◆ Input records ◆
-- Opening Marker --

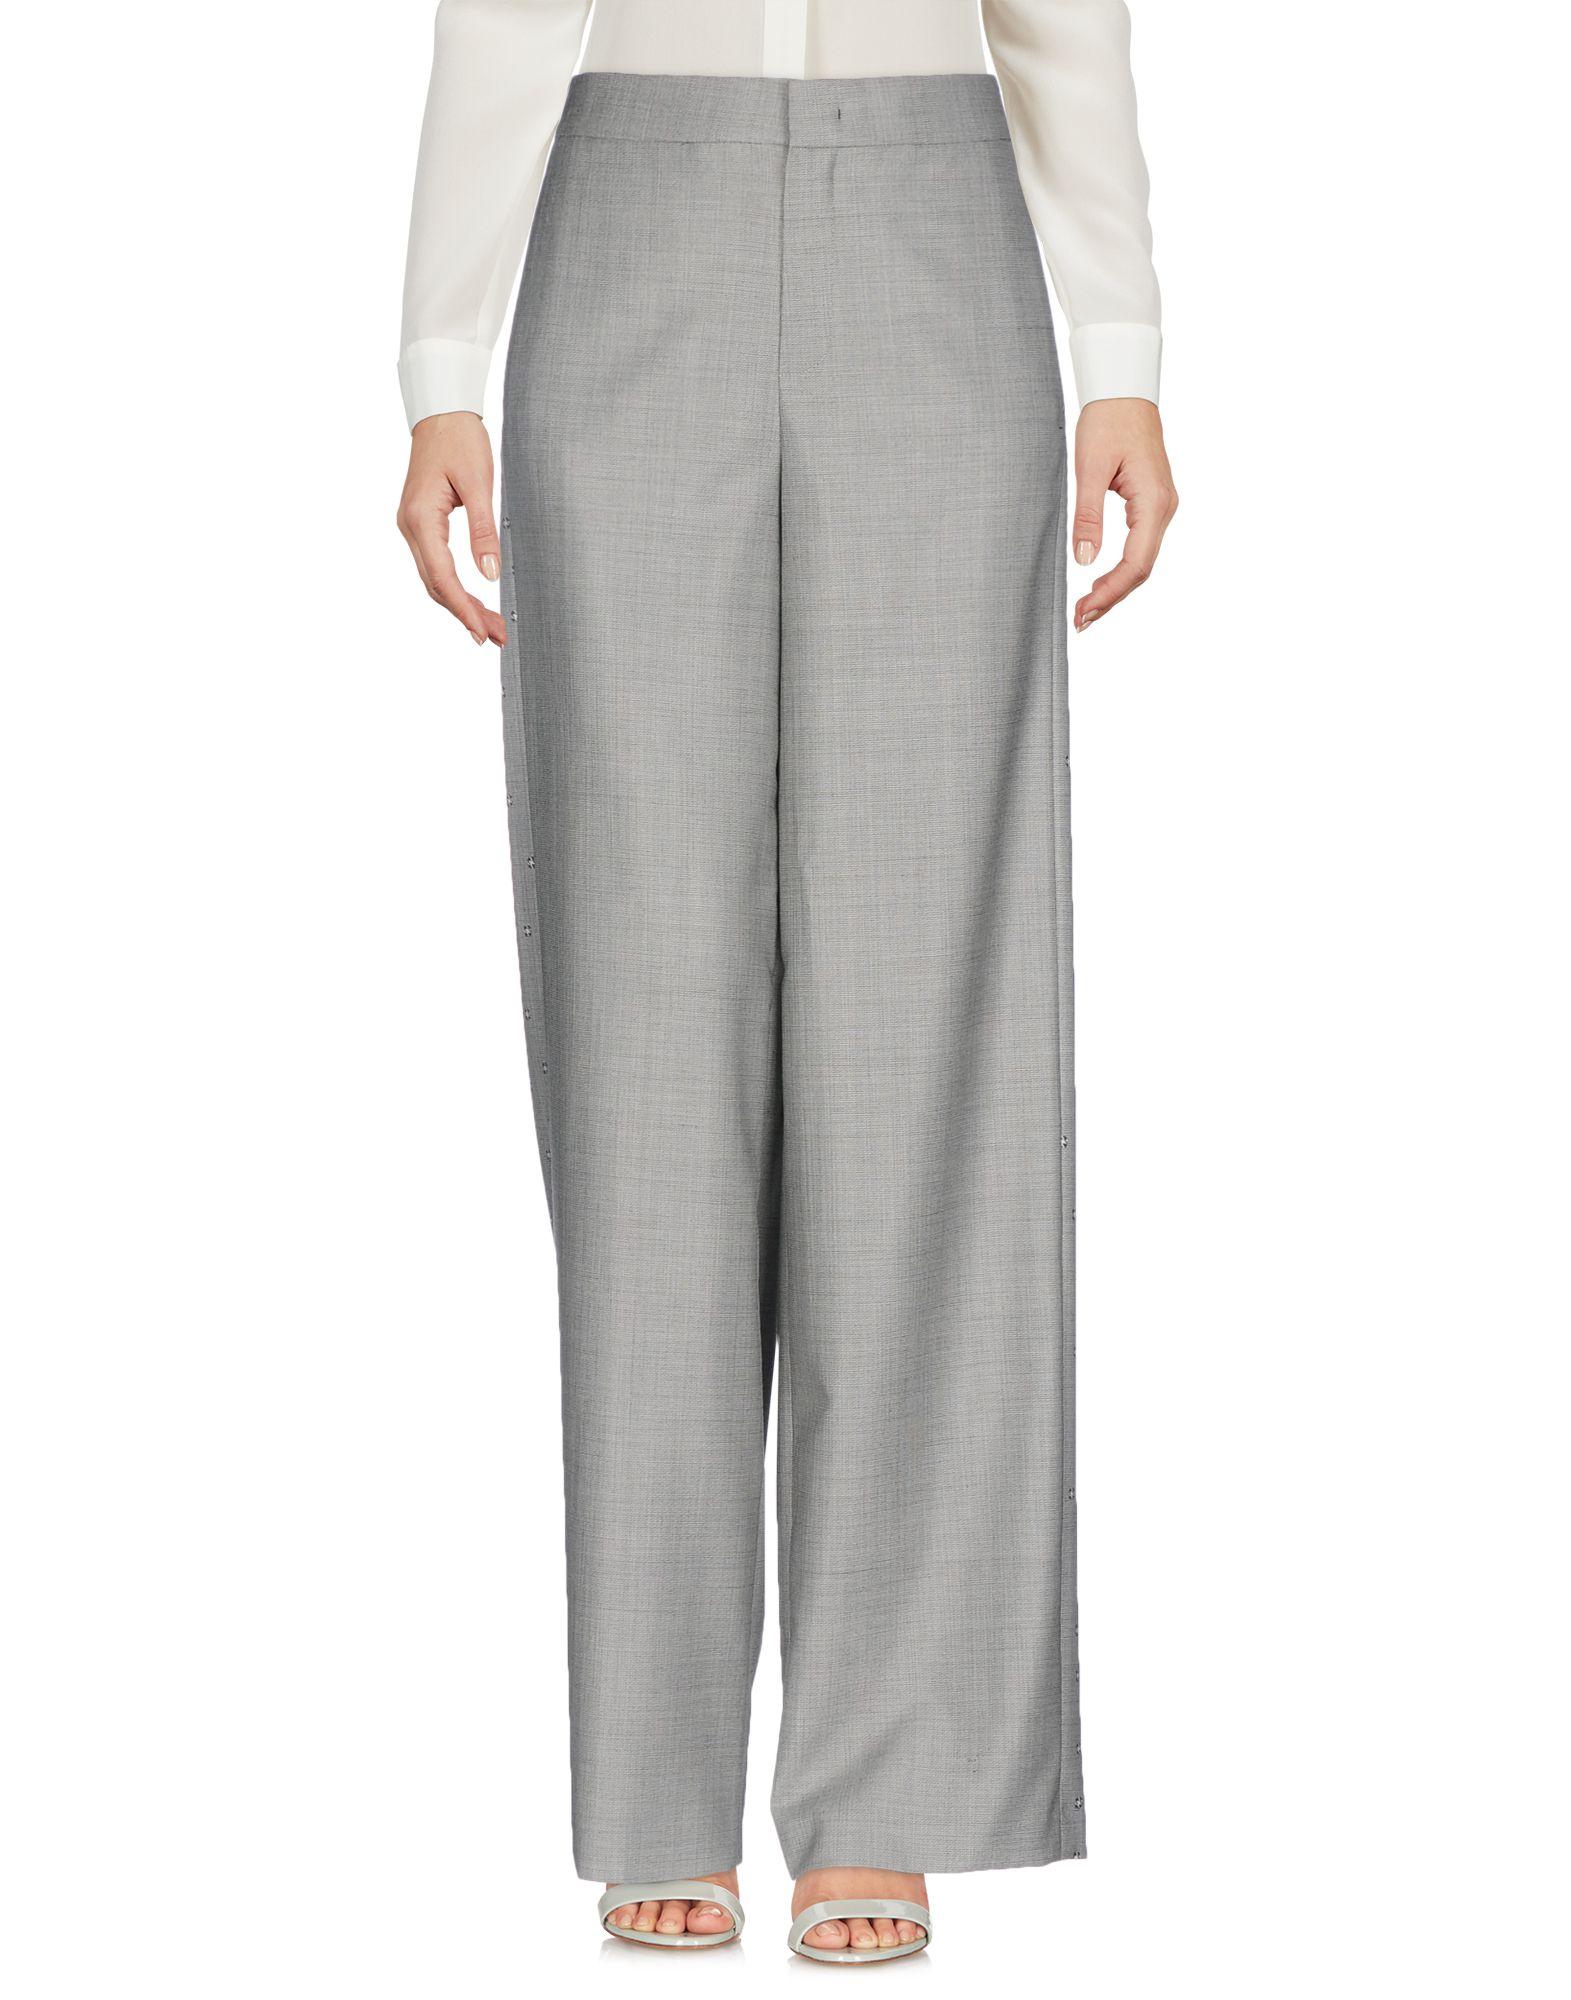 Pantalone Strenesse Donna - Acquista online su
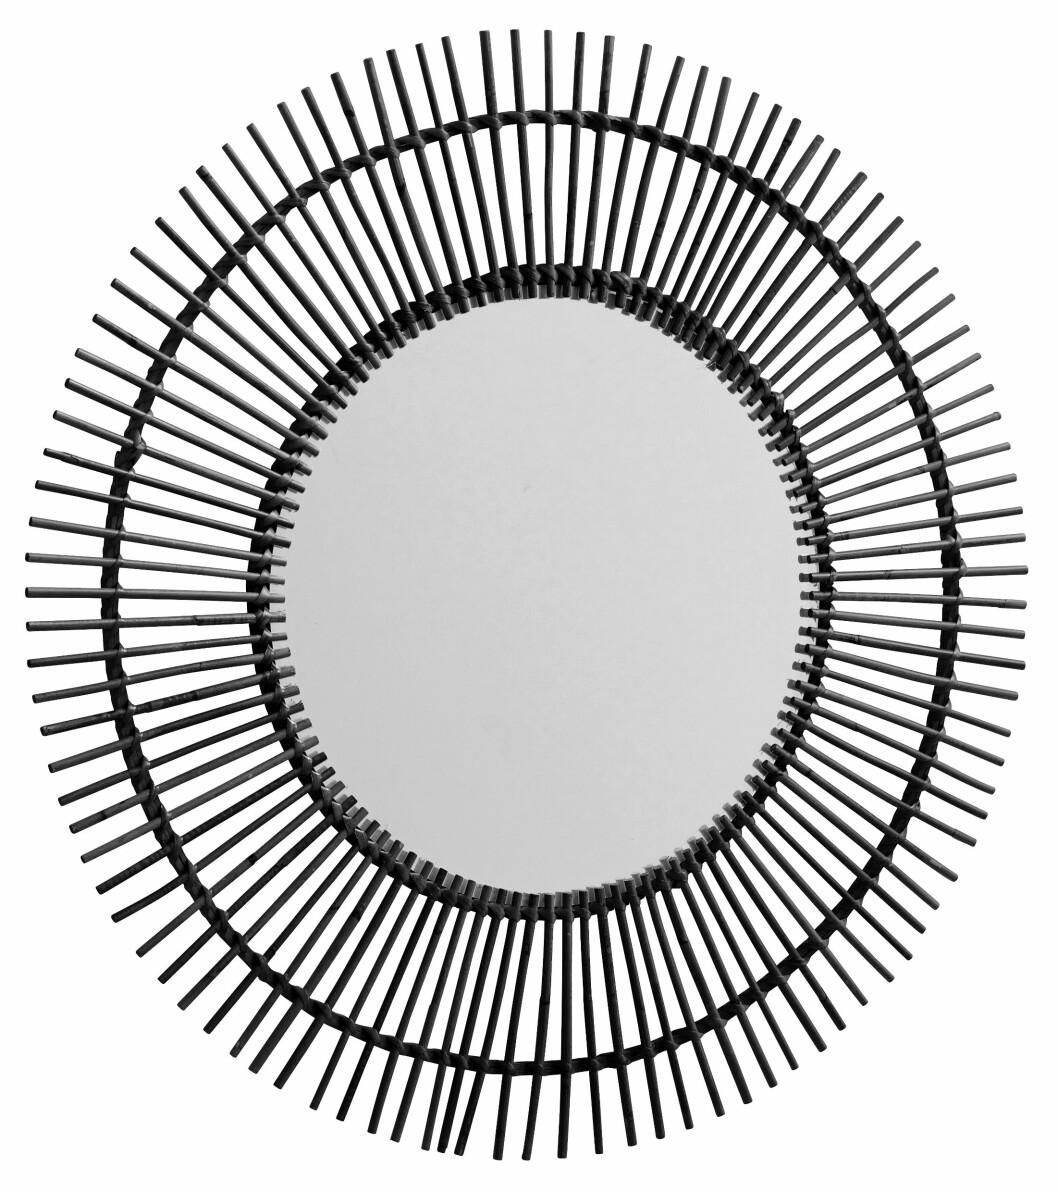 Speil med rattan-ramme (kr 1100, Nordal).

-- Closing Marker --
-- Opening Marker --

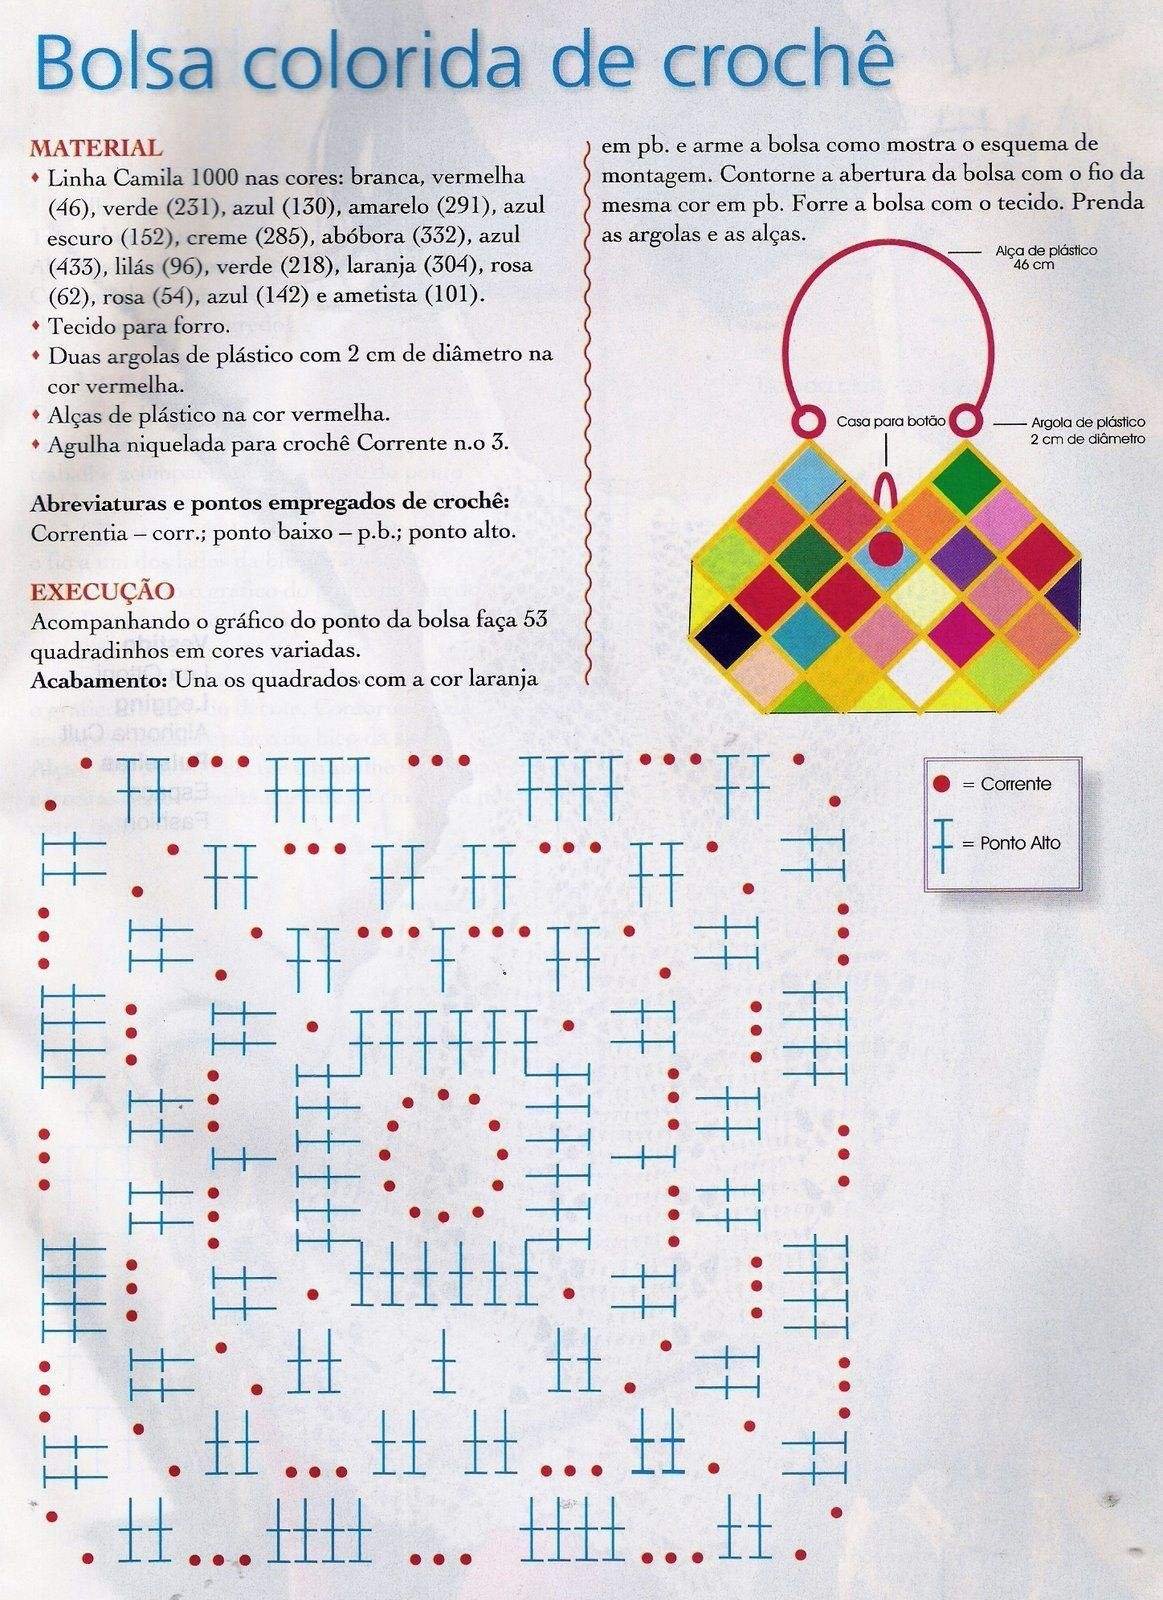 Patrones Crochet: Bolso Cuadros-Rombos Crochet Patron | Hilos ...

-- Closing Marker --

◆ To do ◆
A verbatim reproduction is expected: starting at the line above that has "Pantalone Strenesse Donna", ending at the line that has "Speil med rattan-ramme (kr 1100, Nordal).", both included, and with no pictures and no other lines.

◆ Final answer ◆
 Pantalone Strenesse Donna - Acquista online su
 Speil med rattan-ramme (kr 1100, Nordal).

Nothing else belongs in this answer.